CONVERGENCES ET DIVERGENCES
Les craintes ne s’arrêtent pas aux urgences financières. « La nomination d’un nouveau Premier ministre et d’un nouveau gouvernement est essentielle pour les discussions sur l’avenir institutionnel », expliquent en résumé divers élus. Une méthode est en place.
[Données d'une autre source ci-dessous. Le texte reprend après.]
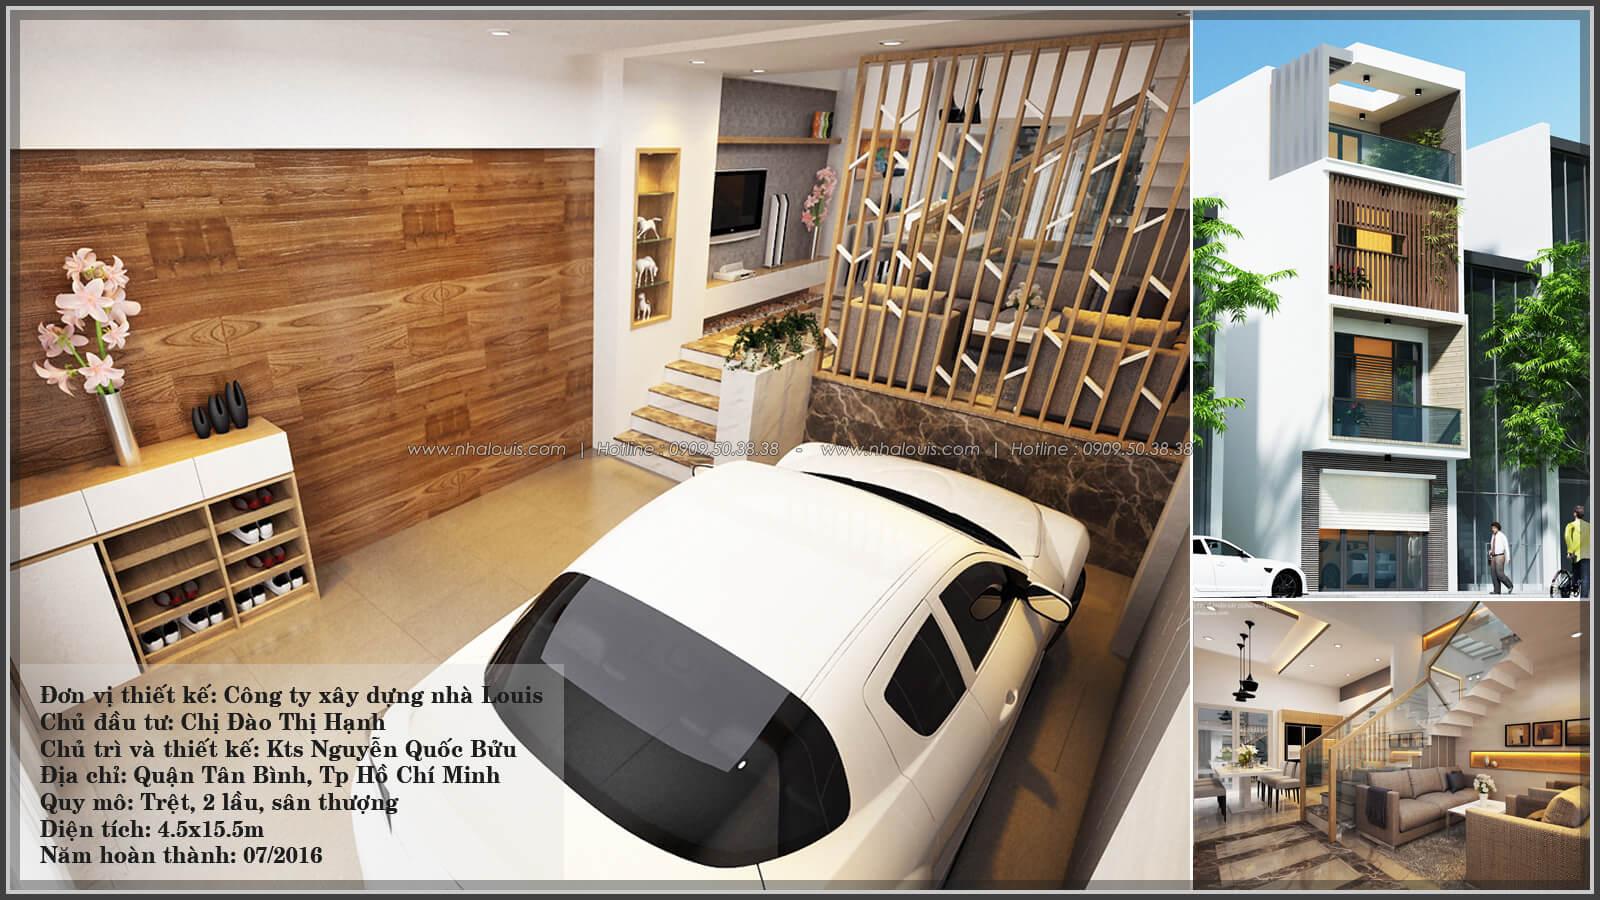 Thiết kế nhà lệch tầng đẹp 4.5x14.5m hiện đại tại quận Tân Bình - 1

À la suite de la visite des présidents de l’Assemblée nationale et du Sénat inscrite dans une mission « de concertation et de reprise du dialogue », les chefs de groupe du Congrès se sont réunis mardi 19 novembre ‒ sauf l’UC en pleine préparation de son rassemblement politique annuel à Canala, semble-t-il.
L’idée : poser sur la table et commencer à croiser les réflexions tirées des différents rapports et propositions des experts Jean Courtial et Ferdinand Mélin-Soucramanien mais aussi des Loyalistes, ou encore de Calédonie ensemble et des indépendantistes… L’entretien des membres de la délégation transpartisane du Congrès en début de mois avec les présidents des deux chambres du Parlement, Yaël Braun-Pivet et Gérard Larcher, a permis d’acter deux points de calendrier.
Tout d’abord, « “les discussions calédoniennes” engagées localement se poursuivraient jusqu’au 15 janvier, date à laquelle sera remis à l’État un premier bilan de nos convergences et de nos divergences sur la sortie de l’accord de Nouméa », selon la délégation. Puis, une séquence s’ouvrira, « sous l’autorité de l’État, en sa qualité de partenaire des accords, dans la perspective de construire un consensus portant sur l’avenir du pays, au plus tard au 31 mars », une date butoir pour la tenue d’élections provinciales en novembre. Le site Public Sénat ajoute, dans son compte-rendu de la réunion, que le dialogue s’appuiera « sur les forces politiques représentées au Congrès ».
« SEUL LE FLNKS »
Ce détail rapporté par la chaîne parlementaire n’en est pas un, aux yeux de l’Union calédonienne. Puisque, écrit son nouveau président Emmanuel Tjibaou, « seul le FLNKS a la légitimité de la discussion, négociation sur l’avenir institutionnel de la Nouvelle-Calédonie ». Un Front donc version 43e congrès de Koumac, c’est-à-dire présidé par Christian Tein, avec la CCAT et sept nouvelles formations indépendantistes, mais sans le Palika et l’UPM. De plus, selon l’UC, le FLNKS tiendra son congrès dans la deuxième quinzaine de janvier 2025, et « les négociations débuteront après ce rendez-vous pour ce qui reste notre ultime objectif, l’accession à la pleine souveraineté », mentionne Emmanuel Tjibaou.
La méthode ainsi que le calendrier établis entre des élus du boulevard Vauban et les présidents des chambres parlementaires sont balayés. Or, devant les médias, après le 55e congrès de l’Union calédonienne à Canala fin novembre, le leader de l’UC avait affirmé vouloir aller « aux discussions ». Certes, le timing n’était pas précisé. Un autre point mérite une clarification : le président du groupe UC-FLNKS et Nationalistes au Congrès, Pierre-Chanel Tutugoro, également 1er vice-président de l’UC, figurait dans la délégation transpartisane lors des récentes rencontres à Paris. Il y a ainsi une ambiguïté.
Ce contexte rappelle des séquences de l’année 2023 et de début 2024, lorsque Gérald Darmanin était aux affaires des Outre-Mer. Un jeu du chat et de la souris avait été observé. Des questions identiques reviennent aujourd’hui : l’UC et ainsi le FLNKS veulent-ils des discussions uniquement avec l’État, en bilatéral ? Avec le risque d’un cafouillage dans les initiatives de négociation. L’UC est-elle toujours dans une démarche de compromis ? Le tempo donné par le futur Premier ministre et son ministre des Outre-Mer apportera un éclairage.